Additional Software Prerequisites when using Gaudi® AI Accelerator

  • Gaudi Software Stack: Verify that your setup uses a valid software stack for Gaudi accelerators, see Gaudi support matrix. Note that running LLM on a CPU is possible but will significantly reduce performance.

Software Images

Software images will be downloaded automatically during deployment from Docker Hub. If you prefer to use an internal registry, all required images are available under the following link: ERAG Images.

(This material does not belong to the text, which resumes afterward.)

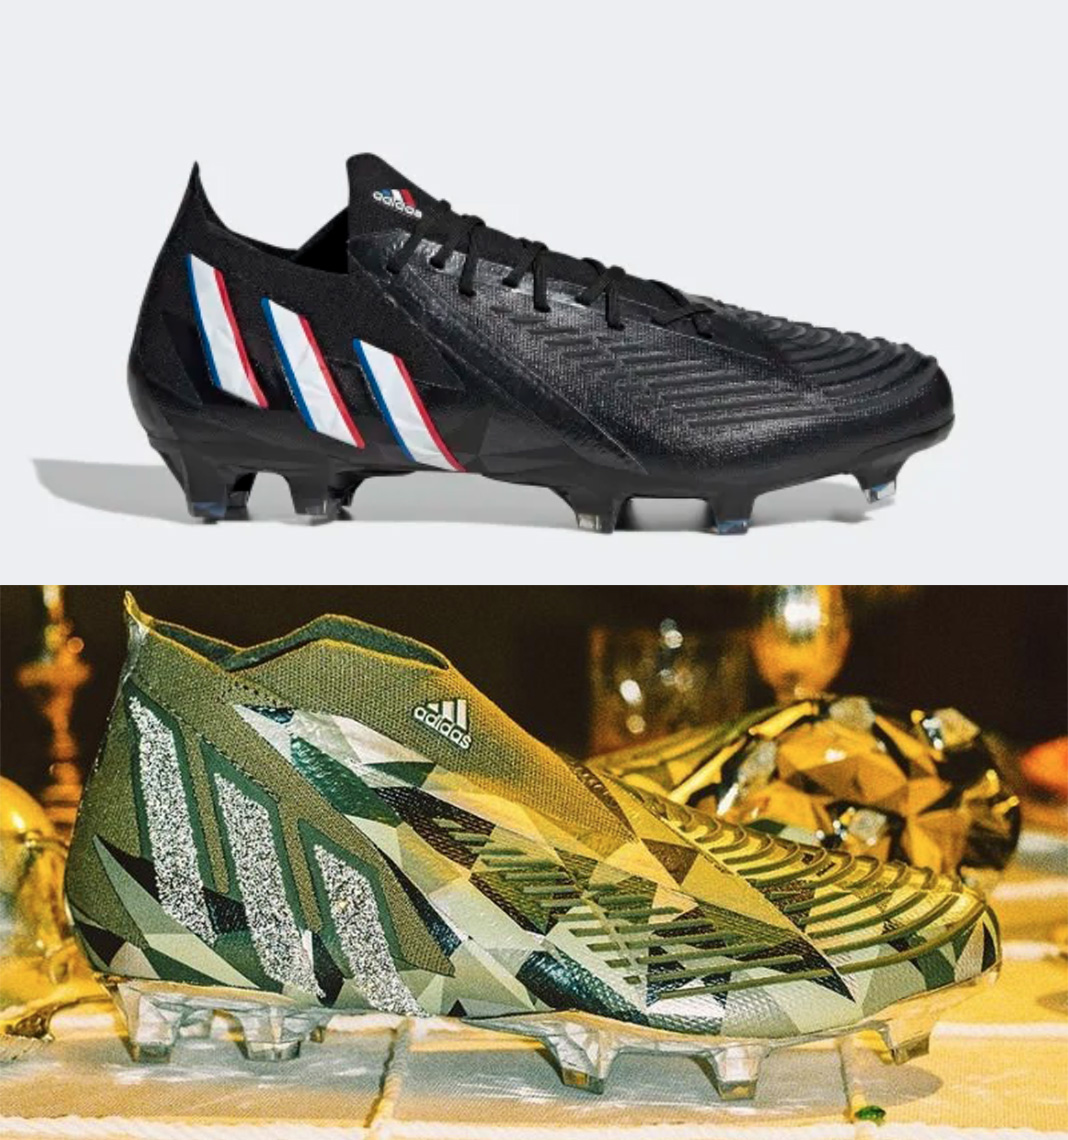 Predator Edge là thiết kế giày đá bóng nổi tiếng của Adidas với thiết kế cá tính, mạng mẽ nhưng không kém phần thời trang (phiên bản gốc ở trên và phiên bản với pah lê ở dưới).

To configure the use of an internal registry, please specify it in the config.yaml file as described in the Application Deployment on a Custom Cluster section of the repository.

Pre-Installation

It is recommended to use python3-venv to manage python packages.

cd deployment
sudo apt-get install python3-venv
python3 -m venv erag-venv
source erag-venv/bin/activate
pip install --upgrade pip
pip install -r requirements.txt
ansible-galaxy collection install -r requirements.yaml --upgrade

Note: To verify if venv is properly used, check with ansible --version for Python version. If not using the venv Python, you can add ansible_python_interpreter=erag-venv/bin/python3 to the inventory under [local] section, or for application playbook add -e ansible_python_interpreter=erag-venv/bin/python3.

Configuration File

To prepare the configuration file, create a copy of the sample:

cd deployment
cp -r inventory/sample inventory/test-cluster

Simplified Kubernetes Cluster Deployment

If you need to deploy a new Kubernetes cluster, follow the instructions below. If you already have a cluster prepared, you can skip to the Preparing a Custom Cluster and Installing Infrastructure Components section.

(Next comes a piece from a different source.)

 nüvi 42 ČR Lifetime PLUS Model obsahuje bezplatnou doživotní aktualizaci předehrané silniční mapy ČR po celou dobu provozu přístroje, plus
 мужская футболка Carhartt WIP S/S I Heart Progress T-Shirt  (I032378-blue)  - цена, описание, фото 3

Show instructions for installing a new Kubernetes cluster
  1. Edit the inventory file:
    • Open inventory/test-cluster/inventory.ini.
    • Replace LOCAL_USER, REMOTE_USER, MACHINE_HOSTNAME, and MACHINE_IP with your actual values.

Example inventory.ini for a single-node cluster:

# Kubernetes Cluster Inventory
[local]
localhost ansible_connection=local ansible_user=LOCAL_USER

[all]
# Control plane nodes
MACHINE_HOSTNAME ansible_host=MACHINE_IP

# Define node groups
[kube_control_plane]
MACHINE_HOSTNAME

[kube_node]
MACHINE_HOSTNAME

[etcd:children]
kube_control_plane

[k8s_cluster:children]
kube_control_plane
kube_node

# Vars
[k8s_cluster:vars]
ansible_become=true
ansible_user=REMOTE_USER
ansible_connection=ssh

For more information on preparing an Ansible inventory, see the Ansible Inventory Documentation.

  1. Edit the configuration file:
    • Open inventory/test-cluster/config.yaml.
    • Fill in the required values for your environment.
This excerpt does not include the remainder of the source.